1. Are we not taught that God is more likely to answer our prayers if we are persistent? - cf. Lk 18:1-8
2. And also if we fast in the proper manner? - Mt 6:17-18
IV. HOW SHOULD CHRISTIANS FAST?
A. NOT TO BE SEEN OF MEN...
1. Cf. Mt 6:16-18
2. Whether fasting as individuals or with others, it is important that we not do it for "show"
B. NOT AS SOME REGULAR RITUAL...
1. Cf. Mt 9:14-17
2. It should be done only when the occasion calls for it
3. Such as situations where you would be spending much time in prayer
C. NOT WITHOUT TRUE REPENTANCE...
1. Cf. Isa 58:3-9 It is of no avail if not accompanied with penitent obedience
D. SOME PRACTICAL SUGGESTIONS...
1. Don't go out and fast just because it sounds like a neat thing to do
a. Take the subject seriously b. Fast only when the occasion is a serious one
c. One in which you desperately desire God's help
2. If you have never fasted before...
a. Start slow, fasting only for brief periods of time b. End slow, gradually breaking your fast with fresh fruits and vegetables in small amounts
3. Fast when you have time to spend in prayerful meditation
a. Remember the purpose for fasting b. To humble oneself in God's sight
c. To seek favorable answer to prayer for some important plea
1. There is probably much more that could be said on the subject of fasting
2. But I hope that this is enough to stimulate our thinking on a subject which has often been neglected in both study and practice
3. As with any subject, the Word of God is the last word, and I hope that this study has shed some light on what His Word says on the subject of fasting
1. Here is what I propose, with the approval of the elders here, they have given me the green light to call the church to a fast upon the behalf of Jim and his family.
a. Offer reasons why - why start with him? One may live without hand, not head. Each member is important, but sometimes your preacher has not developed or is not aware of things of divine assistance until he matures himself. We are not saying that others are of less significance that Jim, just that as all good things begin, we must begin as one, with one mind and one purpose. If you choose to include in your fast others which are just as in need as him - please do so. If you feel someone is not living up to their spiritual expectations of the body - pray intently for them as well. Go to your directory and write down beside every member the blessing you feel they need and pray for that.

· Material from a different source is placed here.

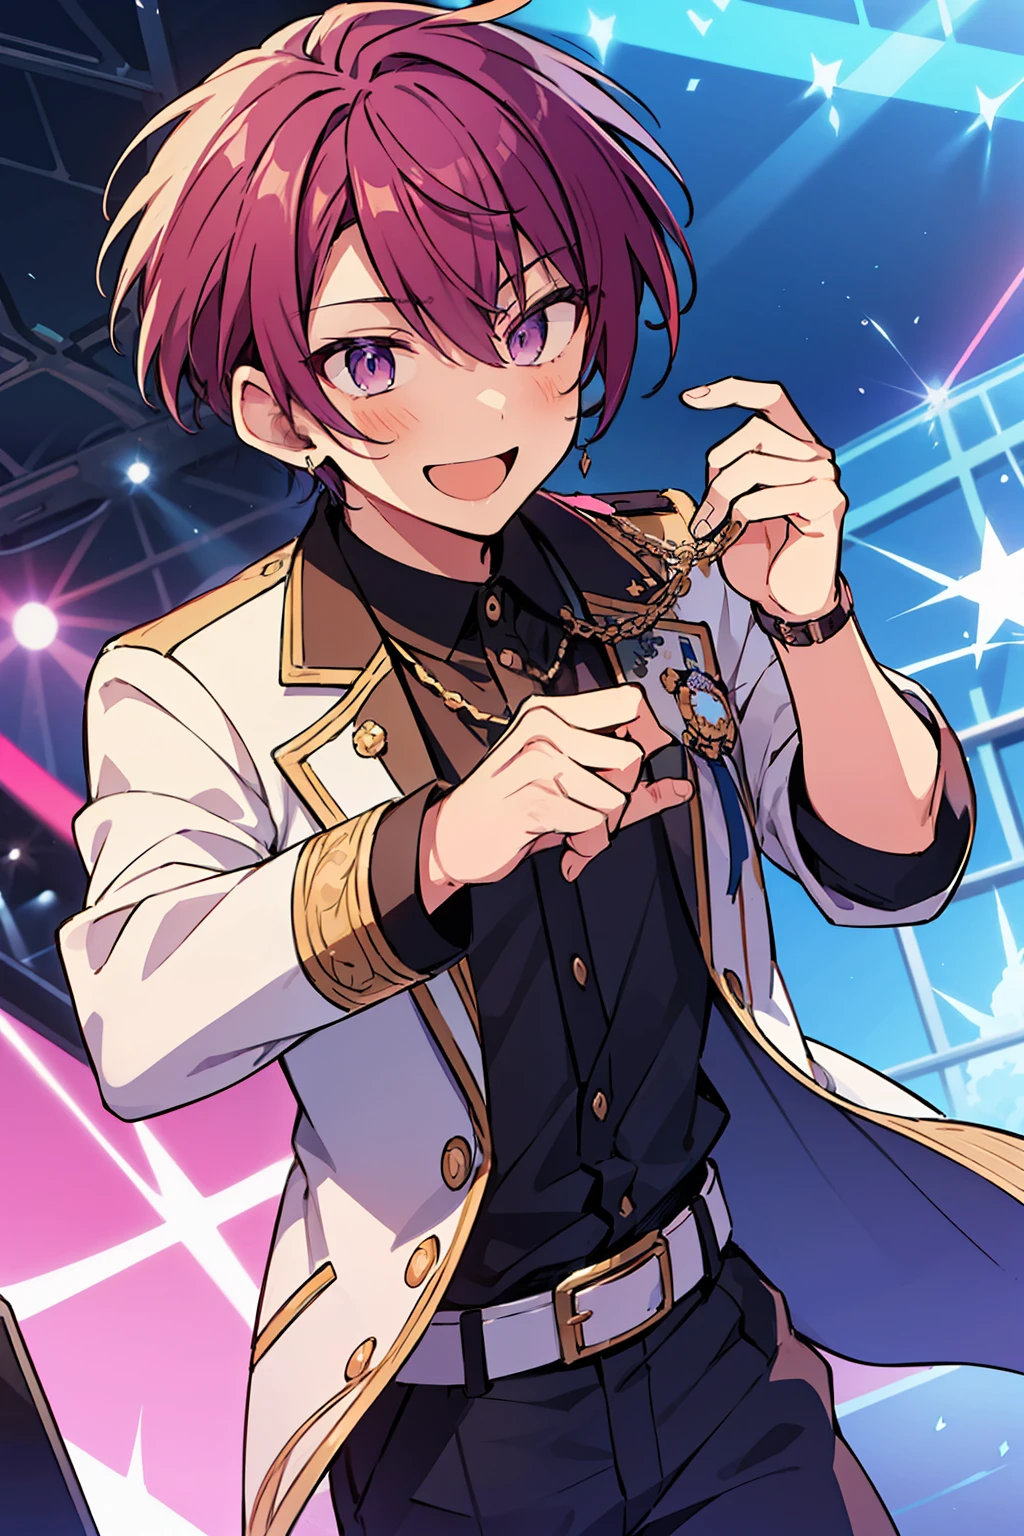 (high-quality, breathtaking),(expressive eyes, perfect face), 1boy, male, solo, short, young boy, purple hair with long parted bangs, pink eyes, laugh, purple idol outfit, pants, on stage

2. As with anything we do for the Lord there must be some kind of order to this proclamation
a. I am asking you to sign up for a forty day fast. We will not all fast for forty days rather one person at a time will fast unto the Lord for forty days.The sheet in the foyer is to be taken home and brought back with the names of those in your family who will participate. For those who will volunteer, you will be given a guideline on how to proceed with the fast with some general thoughts and instructions about proceeding to do this ministering unto the Lord. I will set up a roster at home and call and ask if such and such a time will be convenient for you to exercise your fast on a certain date.
3. Just because you do not sign up does not make you less spiritual than others. We are not making this mandatory. We are not going to make this issue a test of fellowship, but I feel I have presented enough evidence to practice this service and given enough reason to motivate you to rise to the call. There may be obvious reasons why you couldn't perform this task. God knows and God understands your condition and in the end that is all that matters.